I've pondered whether we should just let users do everything on the commandline (like Gentoo), or provide a minimal layer of
abstraction, like provide some scripts which they can modify that setup
a system in a certain way. (for example, basically a series of mkfs; mount;pacman; calls)
Another alternative would be to just make the user choose between a series of "common setups" and make them answer some questions for the choosen setup.
This is how the old installer did it, and afaik archboot still does it, but it doesn't scale well with more and more possibilities.
Actually, aif still contains the optional "autoprepare" method, which is in fact a simple wizard for a simple setup.

I guess it's a tradeoff between making it easy for users and not overloading the brain of people who want to hack on the installer.
The approach which afaik has always been taken by Arch is to make the installer hold the hands of the user.
When creating aif, I've choosen to stick to that concept. And frankly I still like the idea. It may be hard to maintain,
but as a user you can finish all your installs and have a lot of options, but still use very minimal keystrokes (and mental energy).

Like mentioned earlier, softraid hasn't been implemented yet in aif, nor btrfs.
I would need to know the most common/recommended use cases, and figure out the best way to implement them.
Btrfs might be relatively easy, if i can implement it like i did lvm. But it seems like a great FS and I don't want to provide only-half-assed support for it.
Either way, refactoring the datastructure is something that will needs to be done at some point, especially for softraid.
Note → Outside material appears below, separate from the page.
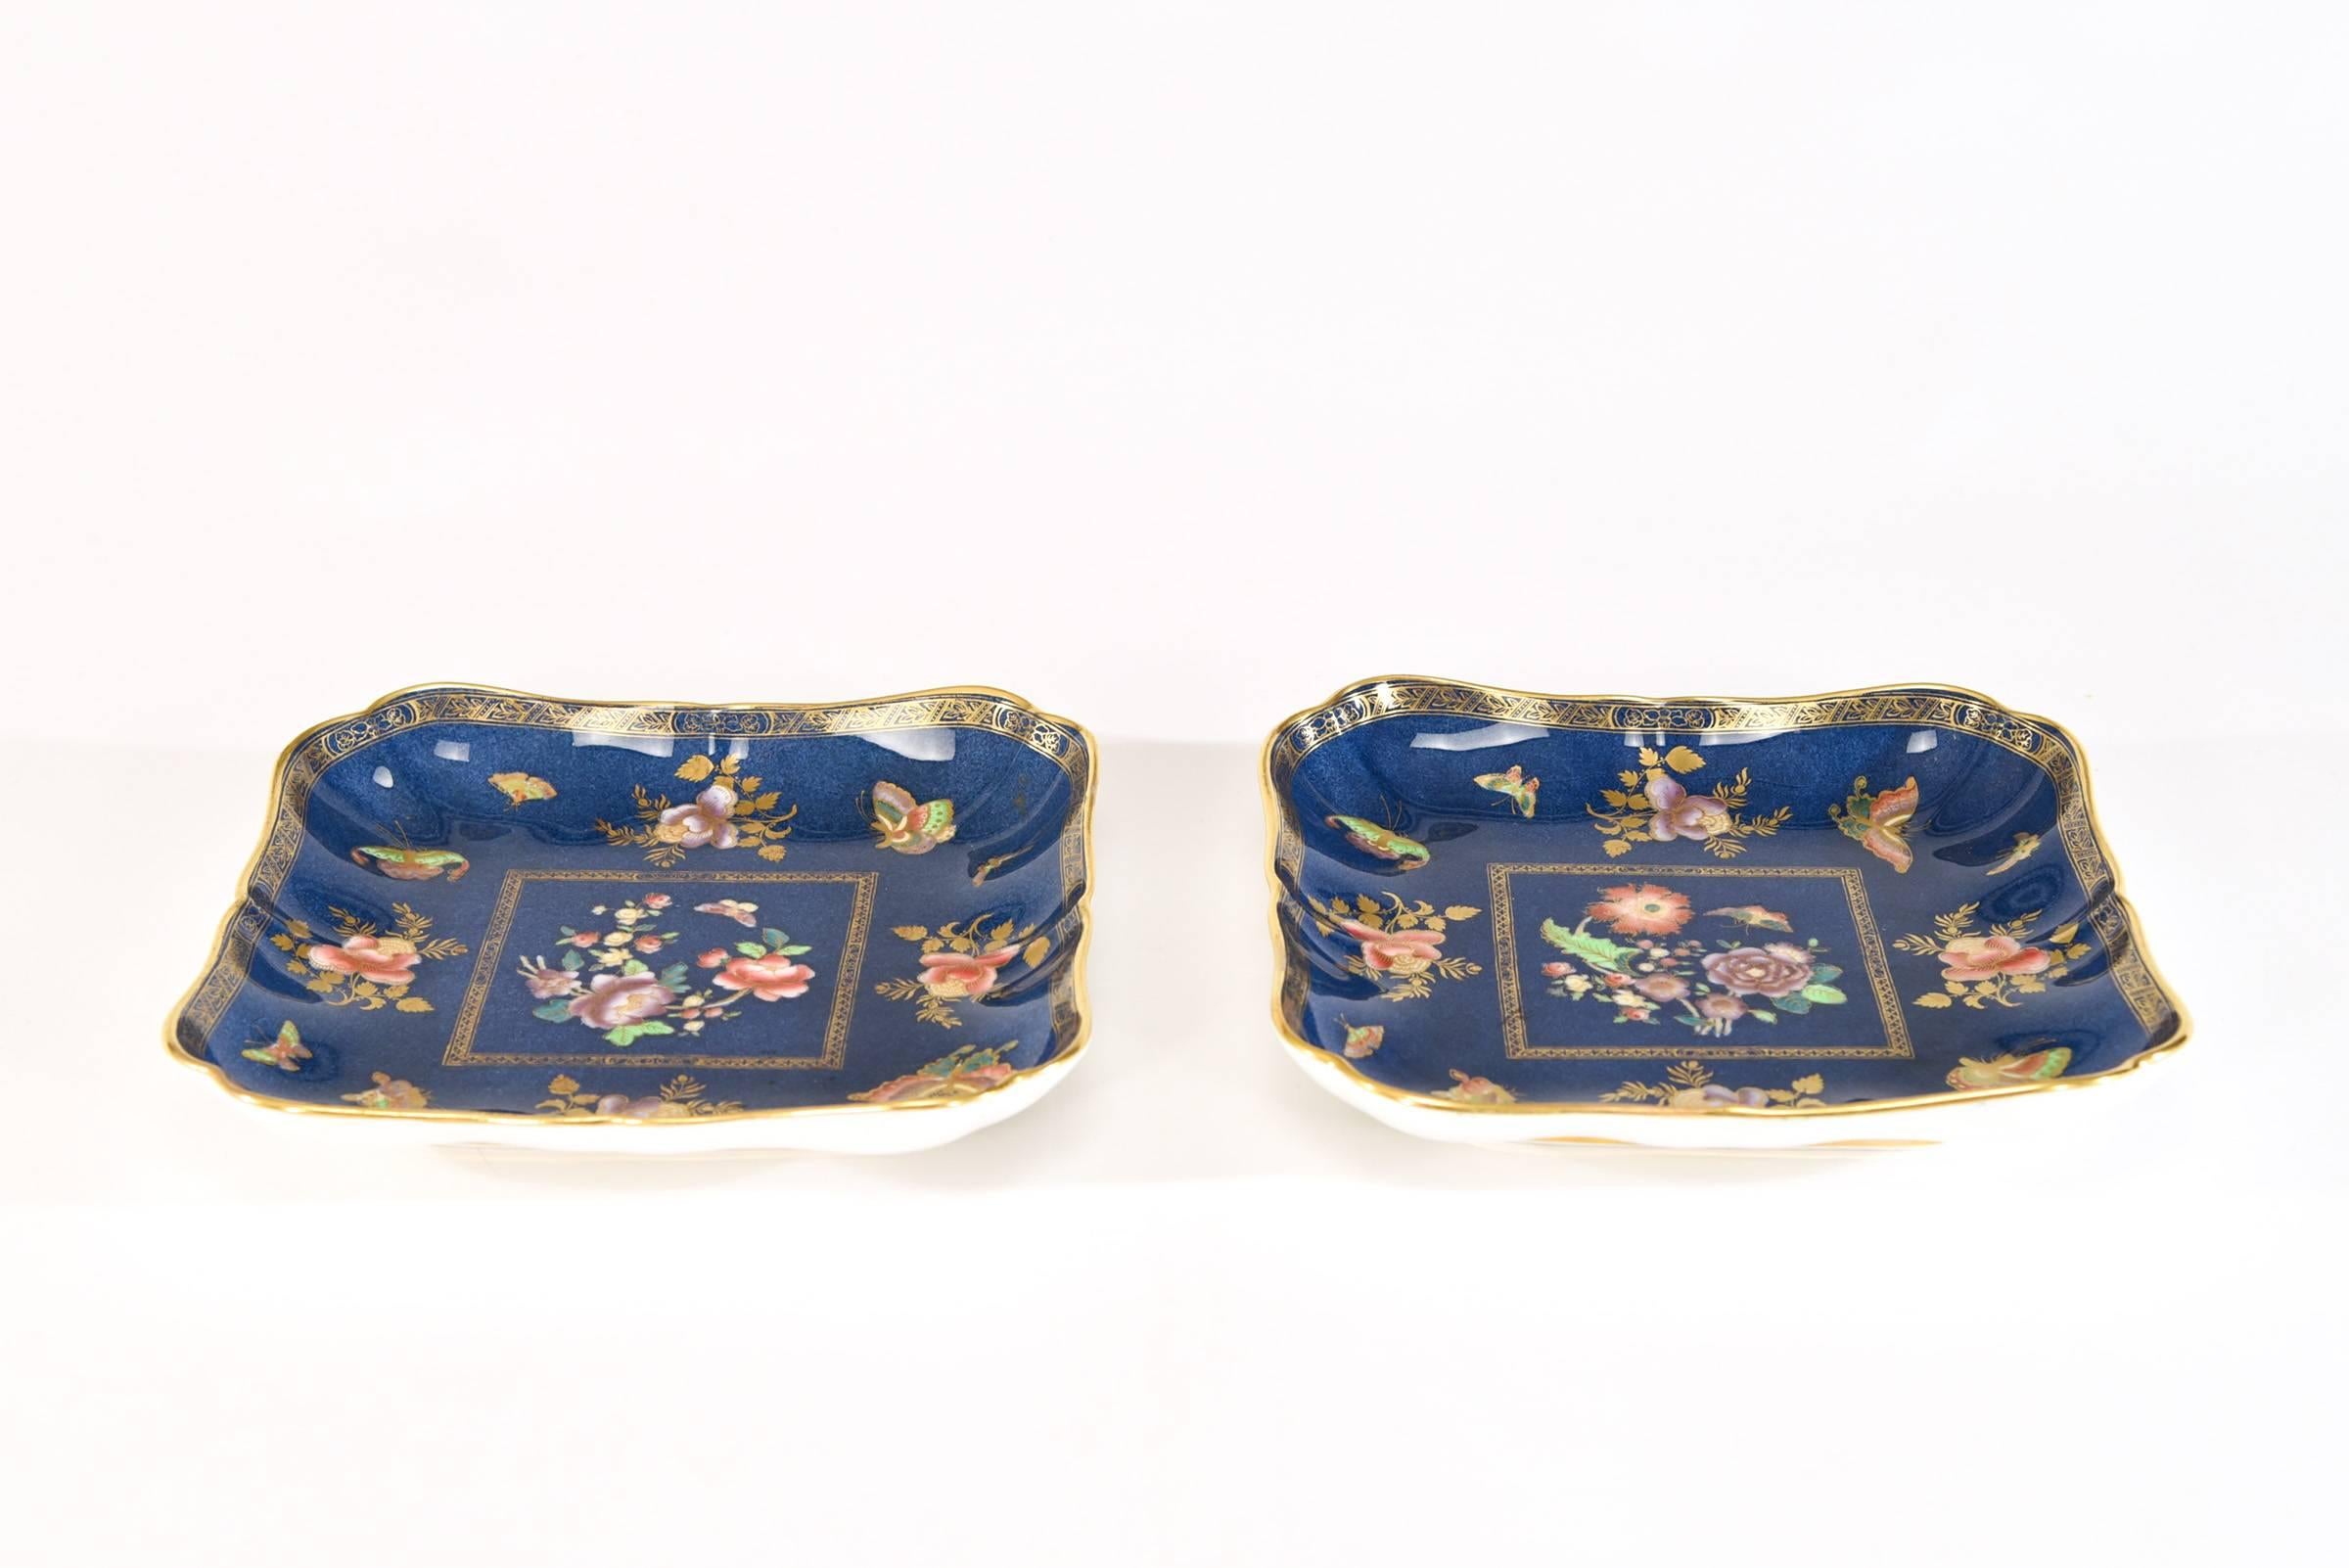 English Copeland Spode Dessert Set 8 Plates, 2 Square Plates Blue w/ Florals Butterfly For Sale

I hope this article was a bit understandable. And if you have any advice, please share :)
The actual blockdevices-filesystems library of AIF is here:
https://github.com/Dieterbe/aif/blob/2ee11ef334983fc68352364025ba5a97d795b95e/src/core/libs/lib-blockdevices-filesystems.sh
And the menu's are here:
https://github.com/Dieterbe/aif/blob/2ee11ef334983fc68352364025ba5a97d795b95e/src/core/libs/lib-ui-interactive.sh" (the most interesting functions are interactive_filesystems for the main FS menu, and interactive_filesystem which handles definition of a specific FS)